There are some actual engineer level definitions to processing units. Processors must contain at least three separate elements to be defined as a distinct processing core, instruction control unit, instruction execution unit, and input/ouput unit. You can have a lot more, but those are the three core requirements to be considered a separate processing element, aka "core". This was a very handy description until super-scalar CPU's were created which abstracted the internal processing element from the machine code coming in. So it gets tweaked a little bit. AMD's BD design is definitely two cores per module, each core has a control unit (scheduler) 4 execution units (2ALU 2AGU) and an I/O unit to get data in and out. The front end scheduler that is shared is the external scheduler not the internal one. The FPU is actually a separate processor entirely, it's bolted on and uses the same I/O but otherwise has it's own registers and scheduler.
Anyhow the primary difference between AMD and Intel's design lies within Intel's caching technology, which is often mistaken as the memory controller, though the IMC also helps Intel quite a bit. I would say a good 90%+ of the "memory benchmarks" people do are actually cache benchmarks as CPU's don't directly read from memory. When you do a memory read / write it's the cache unit that performs the operation in local cache then reports back to the CPU it was finished while asynchronously writing back the operation to main memory. The only time you predictably hit main memory is when your operation is much larger then the cache size.

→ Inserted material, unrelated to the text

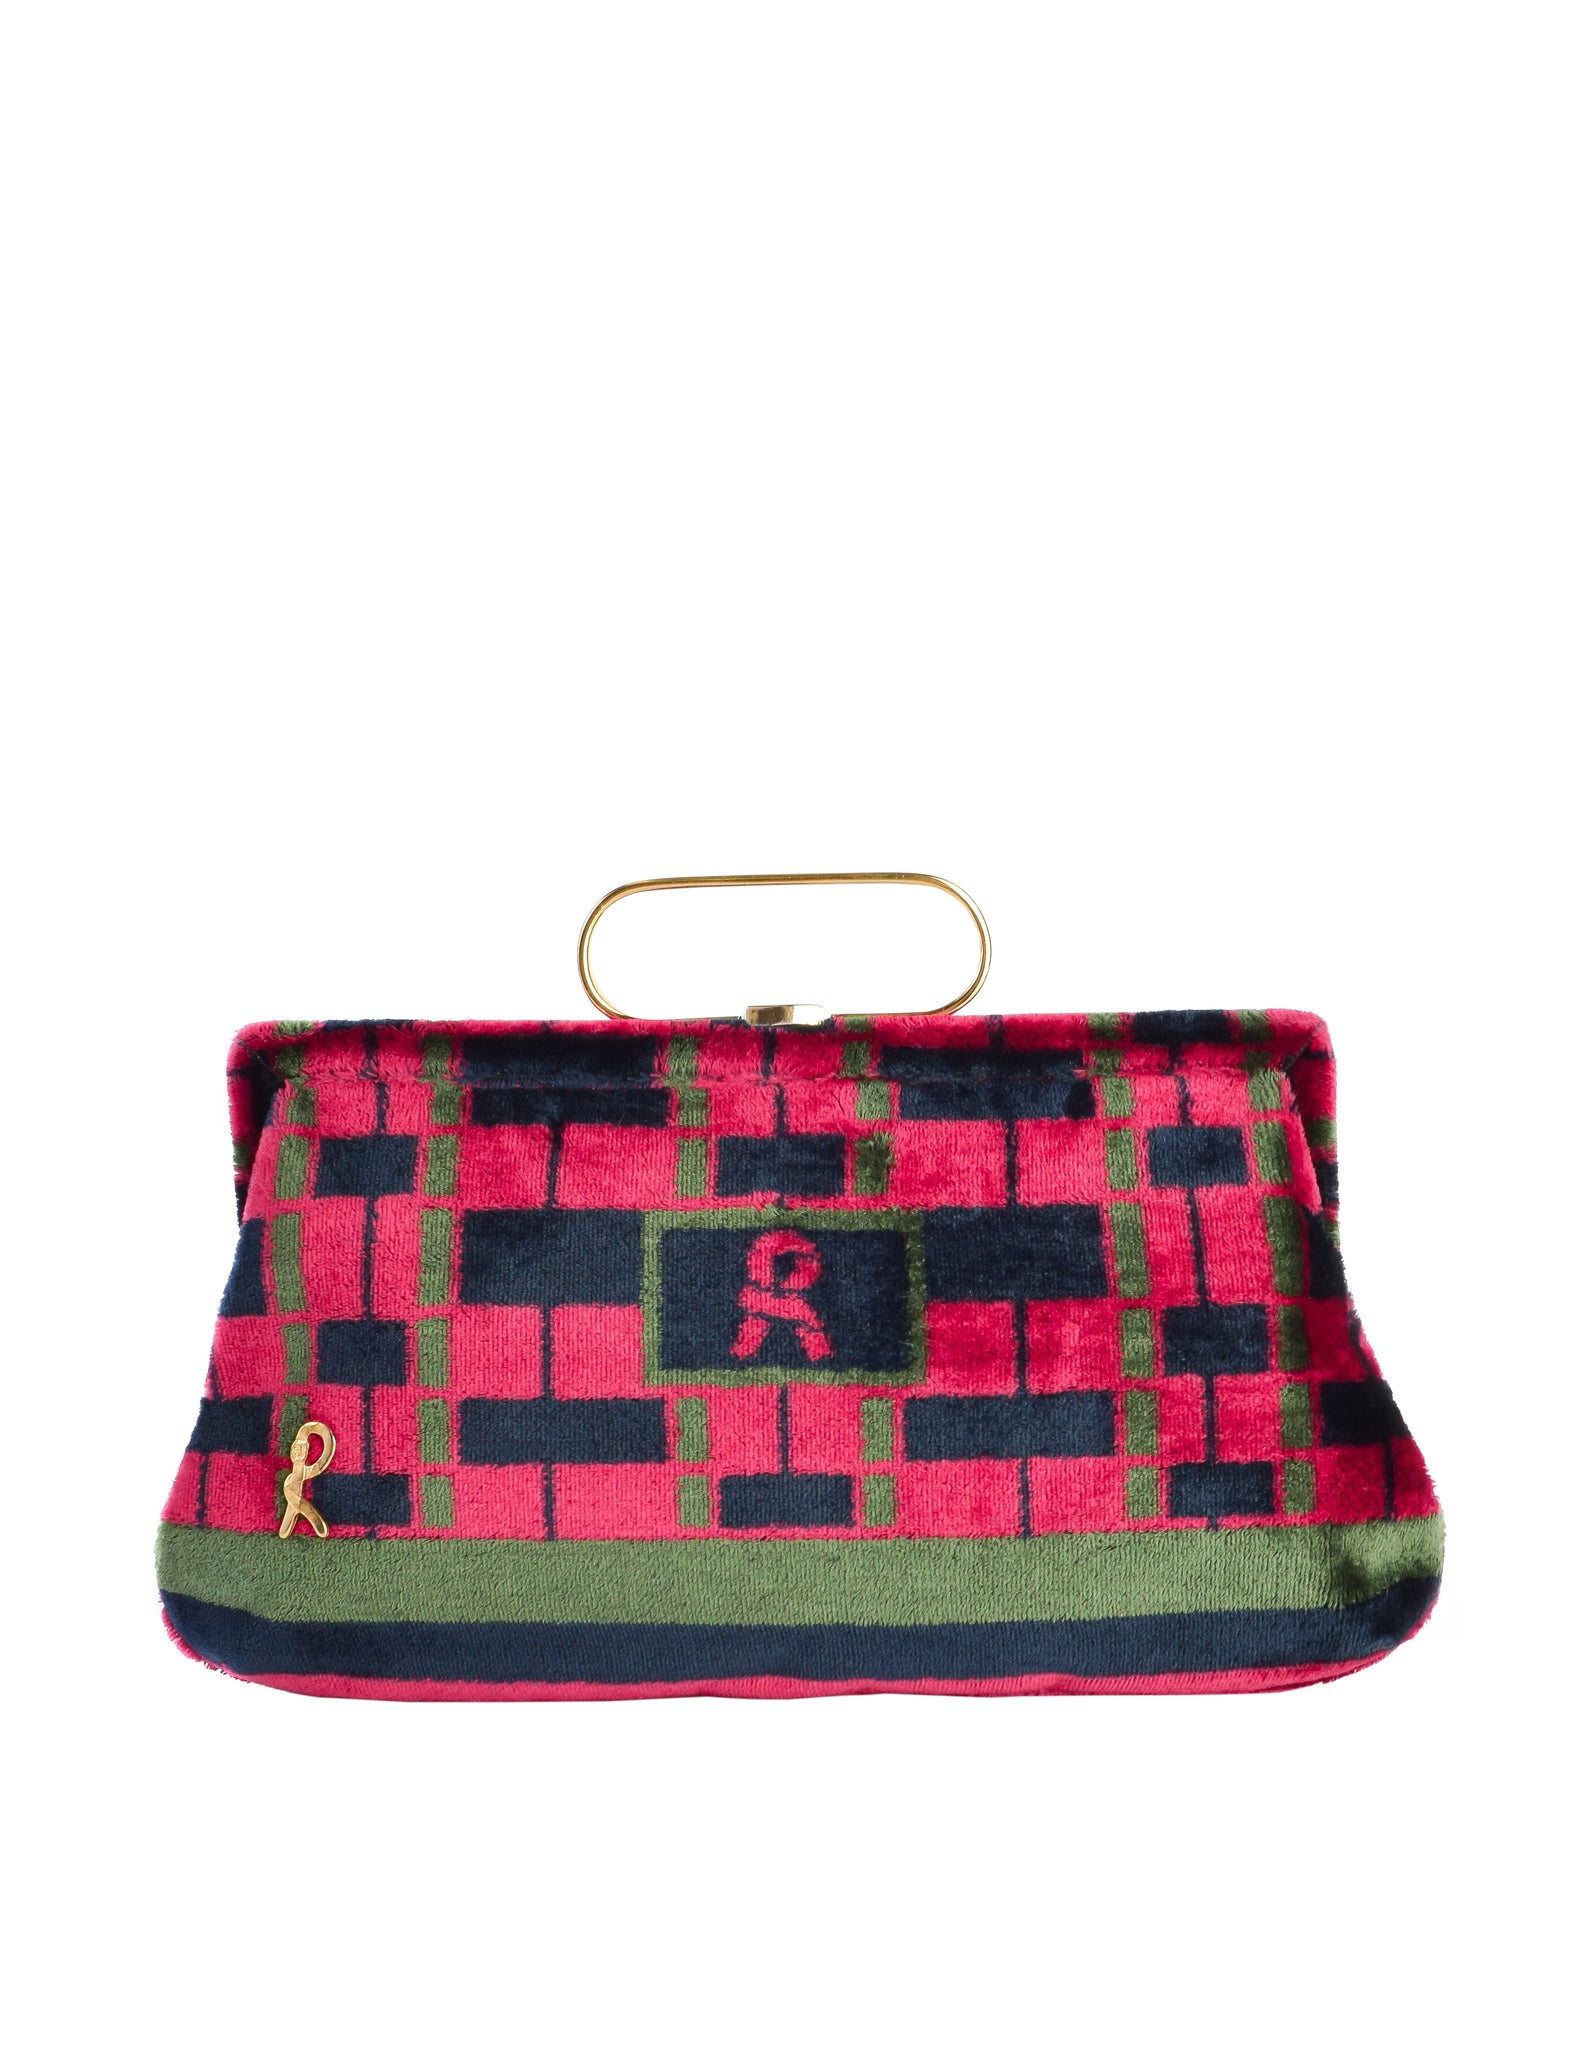 Roberta di Camerino Vintage 1970s Red Green Blue Patterned Velvet Handbag

The differences between their cache technologies is pretty radical. Intel's is an inclusive cache, the contents of each cache are also held in the cache one level higher. The L1 cache is kept in L2 and L3, this makes cache lookups really fast when working with small repetitive datasets. It leverages their strength is a superior branch predictor and prefetch unit. They are really good at ensuring the instructions and data you need are there before your code requests them. AMD use's an exclusive cache design, the contents of each cache are separate from the rest. When L1D fills up, the excess is moved to L2, when that fills up it's moved to L3, when that's full it gets dumped. AMD's predictor and prefetch is significantly less advanced then Intel's and so to compensate they try to maximize the size of the cache and thus the probability of something you need already being in it. Their cache is much slower then Intel's and BD's L2/L3 is even slower then Phenom II due to the modular design. The BD CPU was often being stalled due to having to wait on cache returns.
There are some other uArch differences, Intel use's 3 general purpose ALU's per core, AMD use's 2ALU and 2AGU per core. AMD has four 256-bit FPU's per module that can act as eight 128-bit FPU's while Intel has four 256-bit FPU's that can process 2~3 instructions at once. It boils down to AMD making some design decisions more suited for server environments while trying to lower design costs by making their chips extremely easy to modify / customize. That last one is no small matter, typically you would spend thousands of engineering hours post-design doing timing tweaks and optimizing a chip's microcode which result in a tightly timed efficient CPU. AMD mostly skipped that step and use's an automated design process, the result is BD's rather loose timings. AMD is continuing to work on those timings and is the reason PD and SR have had fairly large efficiency (what you guys call IPC) improvements. Them going modular had the benefit of being able to customize their chip for vender specific sales, it's no coincidence that XBONE and PS4 ended up designing around AMD.